ゲームを始めるとプレイヤーはパラシュートで巨大な孤島に降り立ち、基本的な装備以外は現地調達していくFPS/TPSのようだ。64平方kmの広さの島には住宅街から工業地帯、山岳地帯から河川などさまざまな環境があり、車やボートなどの移動手段も用意されている。ミニマップには白い円で囲われたエリアのほか、爆撃が降り注ぐ赤く囲われたエリアも確認できる。公式サイトによると、武器には多数の銃器のほか近接武器などもさまざま用意されてるそうで、イメージ画像のキャラクターのひとりはフライパンを握っている。
『PLAYERUNKNOWN’S BATTLEGROUNDS』(以下、PUBG)が大きな成功を収めて以降、スマートフォン向けに限らずさまざまなバトルロイヤルゲームが登場し、中には露骨に模倣するゲームも存在するが、本作もなかなかのもののようだ。ちなみに、Tencent自身は「新しいゲーム体験をプレイヤーにお届けする」としている。
見たところ本作は『PUBG』に酷似しているが、現時点で確認できる範囲では著作権を侵害しているとまでは言えないようだ。ただ、手がけているのがTencentというところが興味深い。実は中国の経済誌が今年8月、Tencentが『PUBG』の開発元Blueholeに投資したと報じ、9月には韓国メディアがTencentがBlueholeの株式の5パーセントを購入したと報じていた。いずれの報道もBlueholeが事実ではないと否定したが、同社の共同設立者Chang Byung-gyu氏は、のちにBloombergとのインタビューの中でTencentからの接触があったことは認めている。Blueholeが『PUBG』の中国国内でのパートナーを必要としていたところ、Tencentが中国での販売権と共にBluehole株の購入を持ちかけたという。Byung-gyu氏は、Tencentはとても重要なパートナーになり得るとしたが、交渉の詳細については言及を避けた。

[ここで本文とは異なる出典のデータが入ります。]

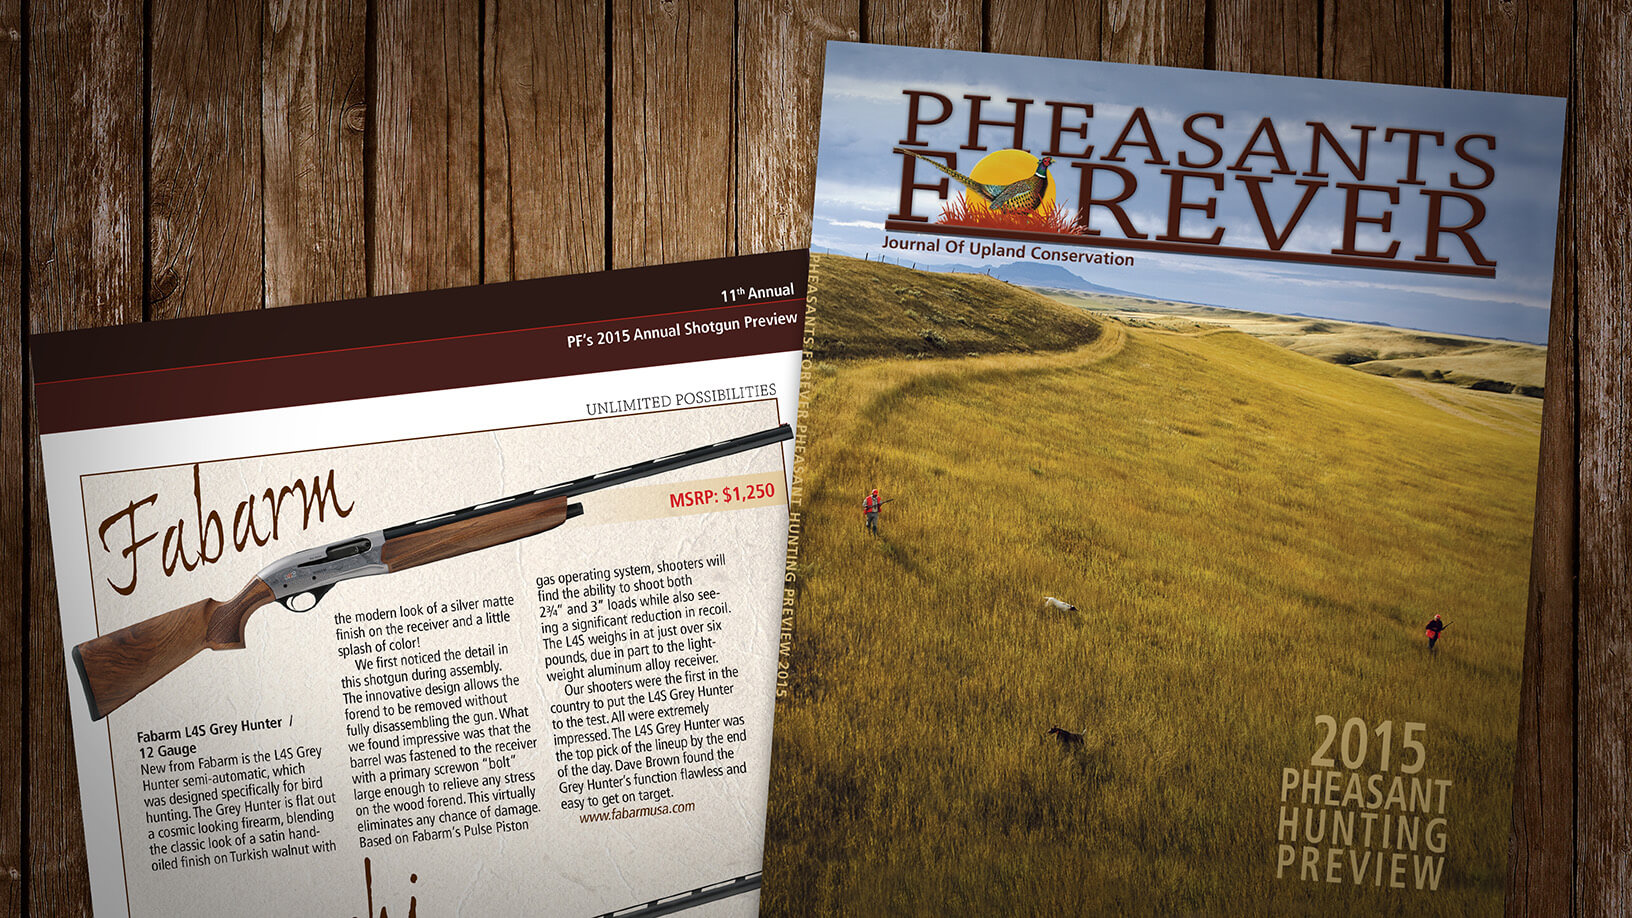 [Pheasants Forever] 2015 Hunting Preview: Fabarm L4S Grey Hunter
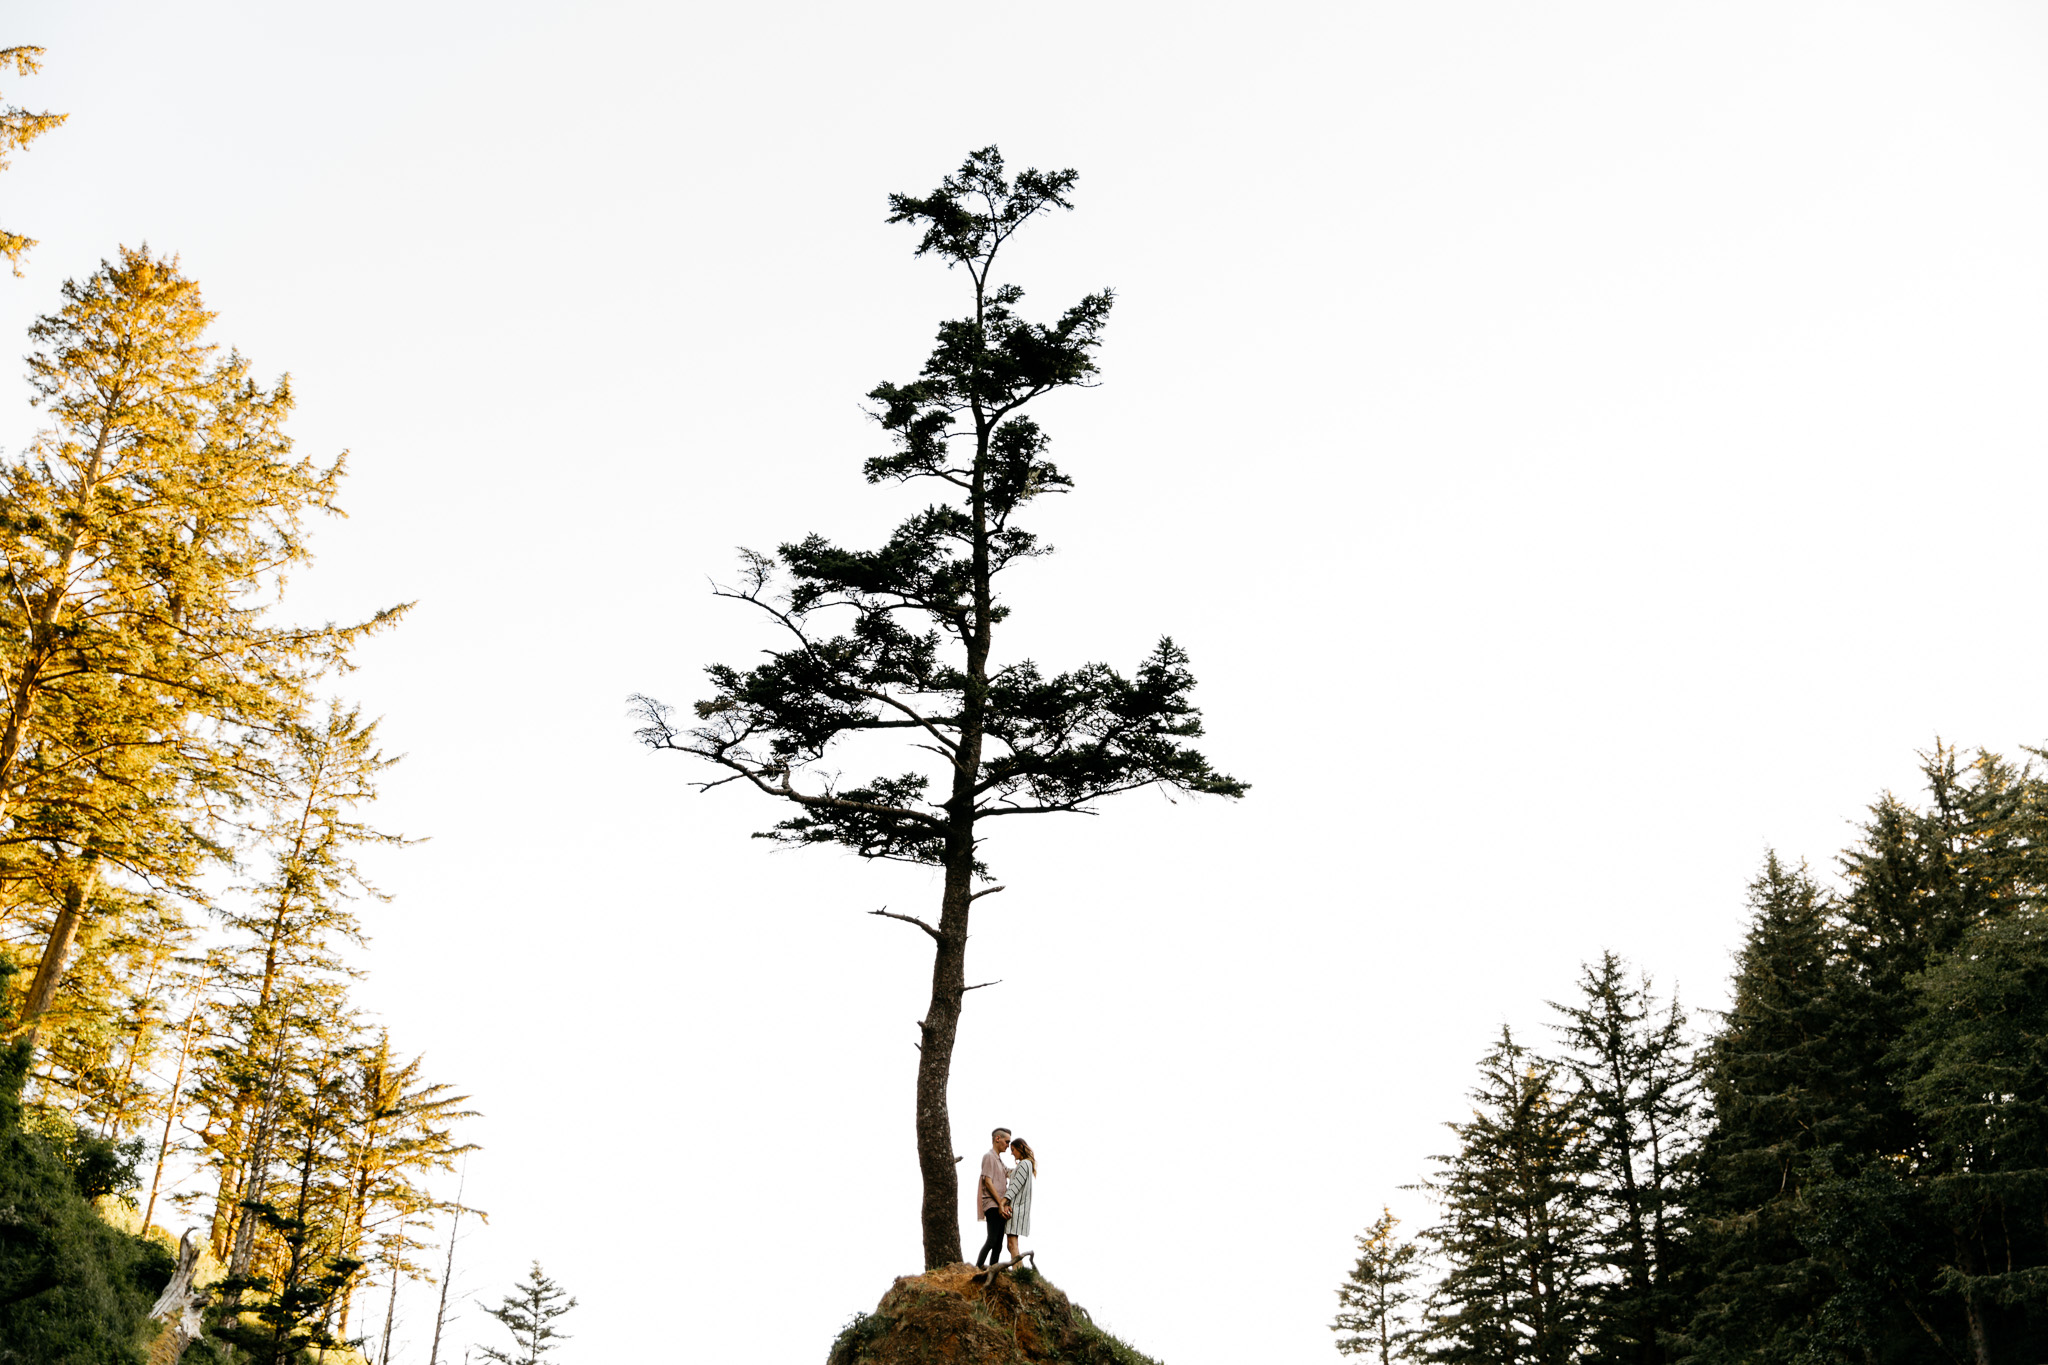 Engagement Session at Cape Disappointment Brittney Hyatt Photography

現在のところ、Blueholeは中国では現地パブリッシャーと組むことなく『PUBG』を販売している。Byung-gyu氏はTencentとの交渉に手応えを感じていたようだが、結局決裂したのか、あるいはまだ継続しているのかは分からない。ただ、今回『光荣使命:使命行动』のようなタイトルをTencentが発表したことは、『PUBG』の単なる模倣を望まないBlueholeにとっては受け入れ難い行為ではないだろうか(関連記事)。交渉が決裂したため、Tencentは“自らの『PUBG』”を作ってしまったのか。それとも、上述の交渉に関連してBlueholeがTencentに何らかのライセンスをおこなっているのだろうか。いずれにせよ、中国国内向けの本作を日本に住む我々がプレイして、その『PUBG』度合いを確かめるチャンスはなさそうだ。